The other required characteristic, amenability to dimerisation via the distal face of H5, does indeed occur in some Oxa1 superfamily members. This interface is occupied by an intramolecular interaction with h4h5 in bacterial YidC, but it remains exposed in archaeal YidC and its eukaryotic descendants. There are no published data on YidC biochemistry in archaeal cells, but eukaryotic EMC3 and GET1 are known to form separate complexes, and structural models show that they use the distal face of H5 to do so (Fig. 5a [21,22,23,24,25]). These interactions via H5 are heterodimeric, rather than homodimeric, but nonetheless demonstrate that EMC3 and GET1 can dimerise (with EMC6 and GET2, respectively) along the same interface as the proto-SecY homodimer without impeding their translocation activities.

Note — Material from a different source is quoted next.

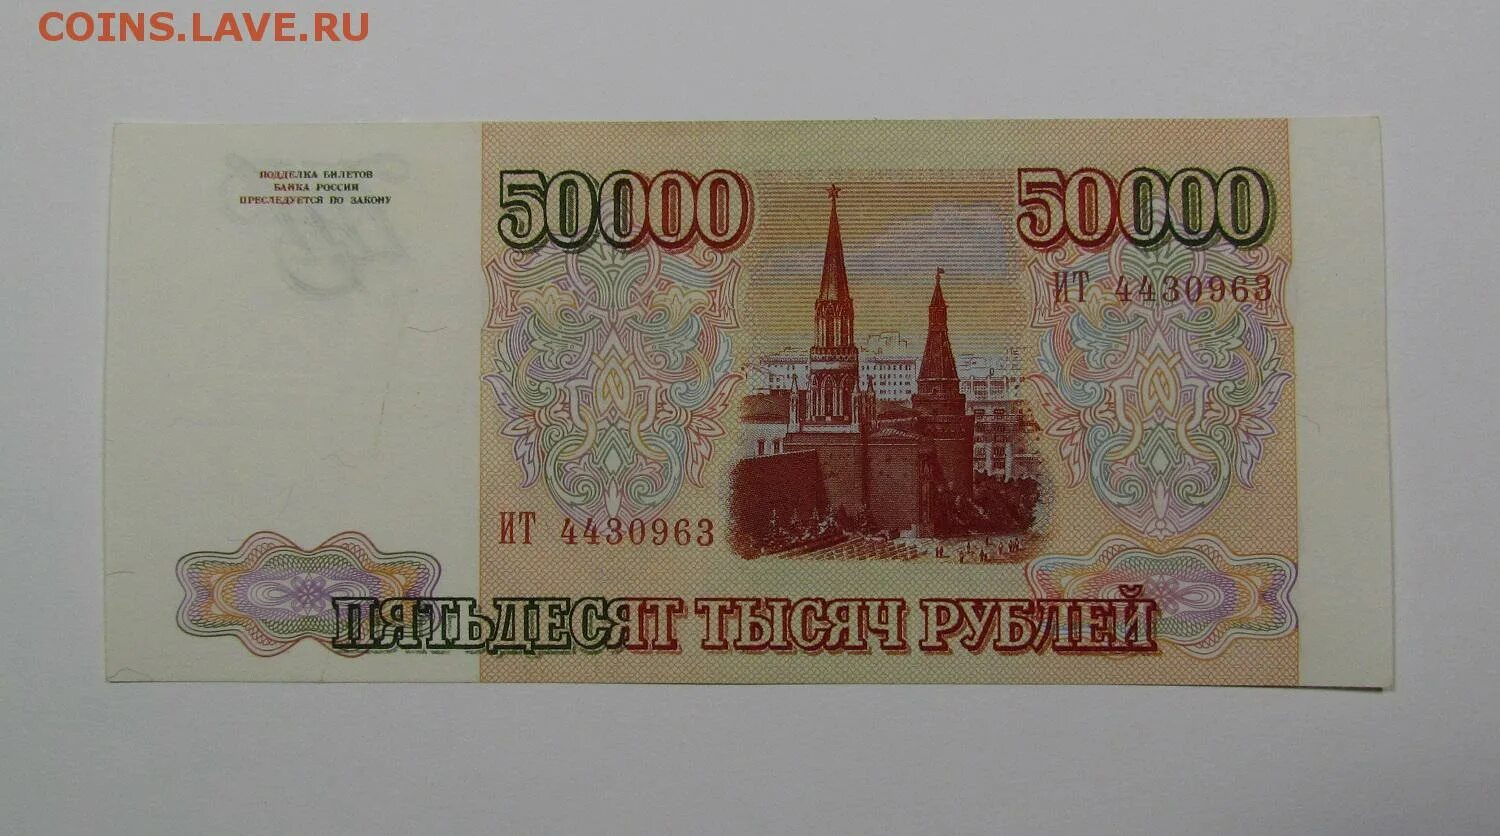 Более пятьдесят рублей. 50000 Рублей. Купюра 50000 рублей. 50000 Рублей 1993. Банкнота 50000 рублей.

To determine whether this propensity to dimerise via H5 is ancient or eukaryote-specific, we queried nine diverse archaeal proteomes for homologs of H. sapiens EMC6 or GET2 using HHpred . Although none displayed significant similarity with GET2, every proteome queried contained exactly one protein similar to EMC6 (Fig. 5b). Among these archaeal proteins, those most similar to eukaryotic EMC6 tend to come from the species most closely related to eukaryotes: the Asgard archaean, then the TACK archaean, and then the euryarchaeans. This phylogenetic concordance indicates that the archaeal proteins are homologs of the eukaryotic protein and that their ubiquity is due to an ancient origin. Reciprocal queries of H. sapiens and S. cerevisiae proteomes with the Asgard EMC6-like protein (Lokiarch_50810) identified EMC6 in both cases as high-confidence hits. Unexpectedly, the H. sapiens search also identified an additional, even more similar hit, C20orf24 (Fig. 5b).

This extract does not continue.